Question

In Section 4.3, it is shown that$\mathit{\Psi }{\mathbf{\text{(x,t)=Ae}}}^{\mathbf{\text{i(kx-ω}}\mathbf{t}\mathbf{\text{)}}}$satisfies the free-particle Schrödinger equation for all$x$and$t$, provided only that the constants are related by${\mathbf{\text{(}}\mathbf{\hslash }\mathbf{\text{k)}}}^{\mathbf{\text{2}}}\mathbf{/}\mathbf{\text{2m}}\mathbf{=}\mathit{\hslash }\mathit{\omega }$. Show that when the function,$\mathit{\Psi }\mathbf{\text{(x,t)=Acos(kx}}\mathbf{-}\mathbf{\text{0x)}}$is plugged into the Schrodinger equation, the result cannot possibly hold for all values of x and t, no matter how the constants may be related.

Short answer

We can't come up with a condition on $\text{ω}$or k that will make the proposed solution valid in this situation under any circumstances.

Step-by-step solution

Step 1:Schrodinger equation.

So, let's take the above function and plug it back into the Schrodinger equation to see if we can come up with a condition on the value of $\mathbf{\text{ω}}$or $\mathit{k}$ that will allow us to get this result.

$-\frac{{\hslash }^2}{2m}\frac{{\partial }^2\Psi }{\partial x^2}=i\hslash \frac{\partial \Psi }{\partial t}$………………(1)

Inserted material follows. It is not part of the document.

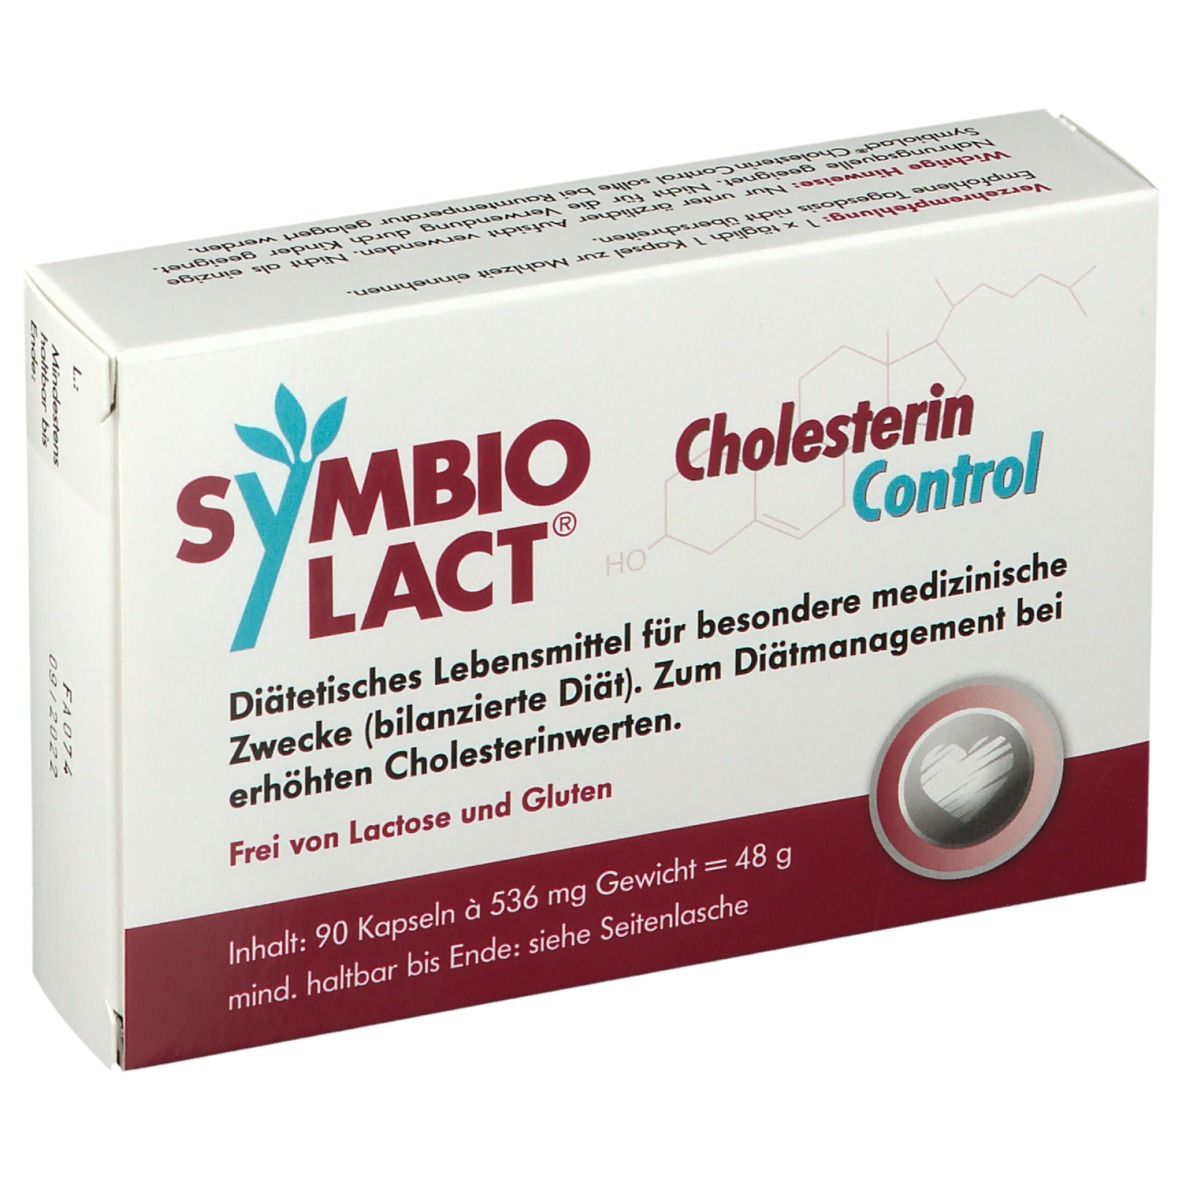 SYMBIO LACT® Cholesterin Control

Schrodinger equation for the given wavefunction

The wavefunction given is

$\Psi =\text{Acos(kx-ωt)}$……………….(2)

Substitute the value of wavefunction from equation (2) into equation (1), and we get,

$\begin{array}{l}\frac{{\partial }^2\Psi }{\partial x^2}=-{\text{Ak}}^{\text{2}}\text{cos(kx-ωt)}\\ \frac{\partial \Psi }{\partial t}=\text{Aωsin(kx-ωt)}\end{array}$

$\begin{array}{l}-\frac{{\hslash }^2}{\text{2m}}\times \left({\text{-Ak}}^{\text{2}}\text{cos(kx-ωt)}\right)=i\hslash \times \text{Aωsin(kx-ωt)}\\ \frac{\hslash {\text{k}}^{\text{2}}}{\text{2m}}=\text{iωtan(kx-ωt)}\end{array}$

Conclusion.

Unlike the exponential case, this final expression has a function that depends on both position and time, but the left-hand side is constant. As a result, we can't discover a condition on $k$or $\text{ω}$ that will make the two sides equal, and the sine function as a solution is no different.